In an article on Happy News, we see robots being used to supplement medical rehabilitation where there is a shortage of nurses and therapists. For physical therapy, the robot is a “cross between an exercise machine and video game”. The robots become more interactive with the humans. It is not a stretch between this and robots being able to teach humans how to dance. This is advantageous for several reasons, and of course has its constraints:
- Robots are likely more consistent, reliable, and will become less expensive than humans for introductory to intermediate-levels of learning and expertise, and the routine teaching of such tasks, skills, and information;
- Robot-to-human interaction can alleviate the kinds of negative social fears and pressure that human instruction has; and
- Robots are good for rote performance, such as the basic sensor-driven janitor bots
We already have reports that robot research is moving in the direction of filling other jobs for which humans are becoming more scarce, for example security guards and retail salespeople (erp, salesbots??) in Japan, a country with an aging population and decreasing labor supply.

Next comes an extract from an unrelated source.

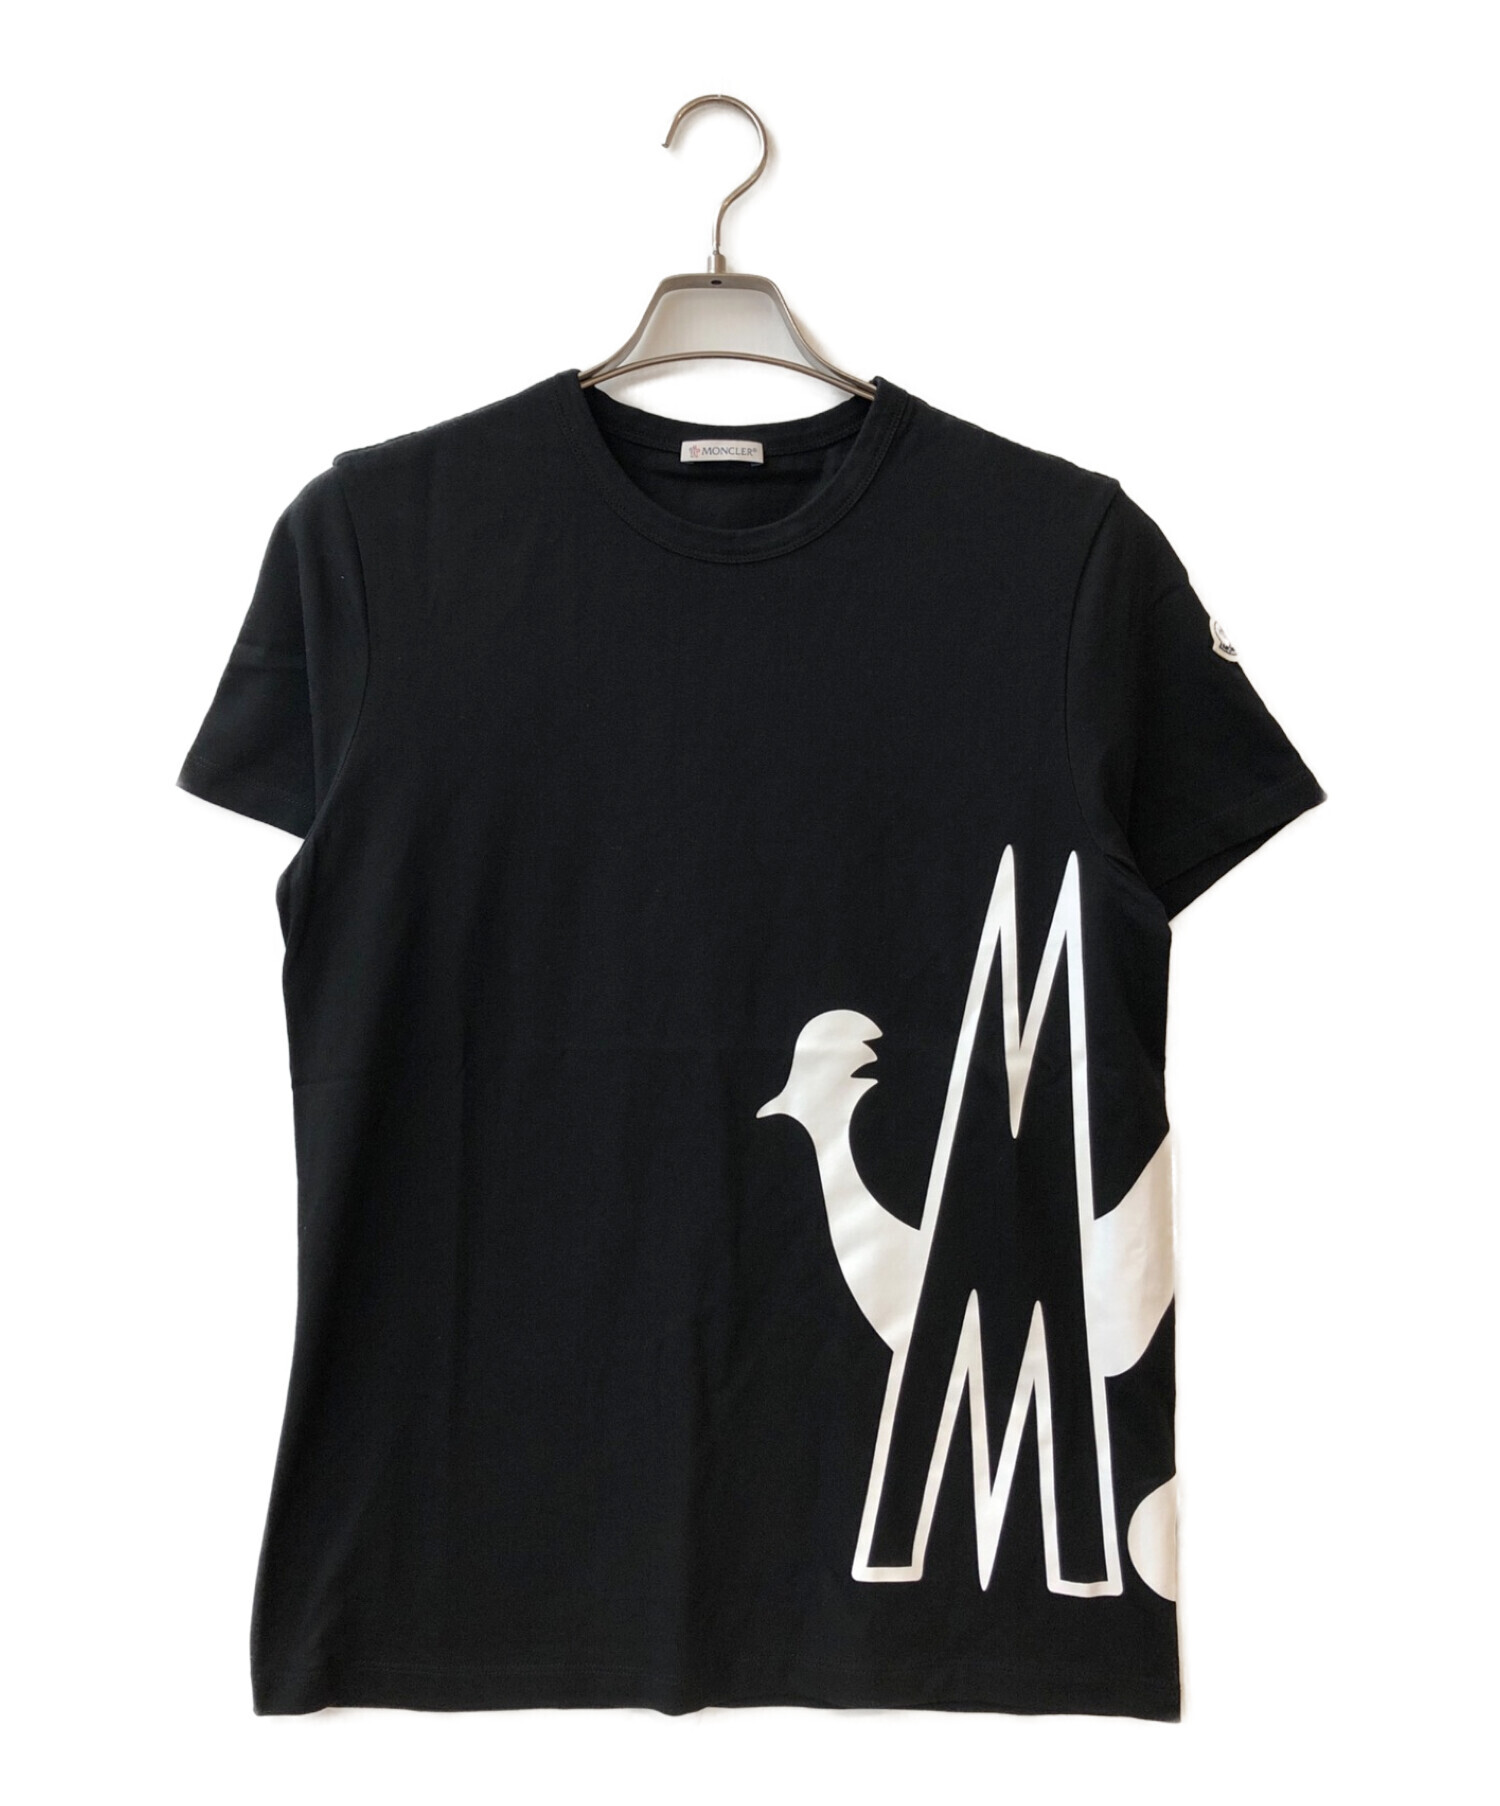 MONCLER (モンクレール) 19AWロゴプリントTシャツ ブラック サイズ:M

IMHO, these tasks should not be considered desirable jobs by humans, so I see this as a welcome practice.
OTOH, it becomes even more important to move forward on development of human skills and abilities, and constructing jobs that provide high degrees of autonomy, satisfaction, and opportunity for analytic and creative breakthroughs. This will drive the economy in at least the coming 20 years or so (potentially AI can begin producing such breakthroughs at about that point). Dreyfus and Dreyfus have a compelling book comparing mind and machine, yet additional progress has been made in terms of model-free adaptive learning that a neural network simulation of the brain might provide.
Peter Drucker has stated that there will be winners and losers in this knowledge-based economy. It is important not to see robots gaining at the expense of human workers. A luddite reaction that does this in effect does nothing to stop the progress and development of robots, which is extensive and accellerating. From 1811 to 1813, the luddites fought many battles, and were a force that was countered by the British army. After two years they lost their war against the industrialization of the textile industry with 17 members sentenced to death, and many others exiled to the penal colony of Australia.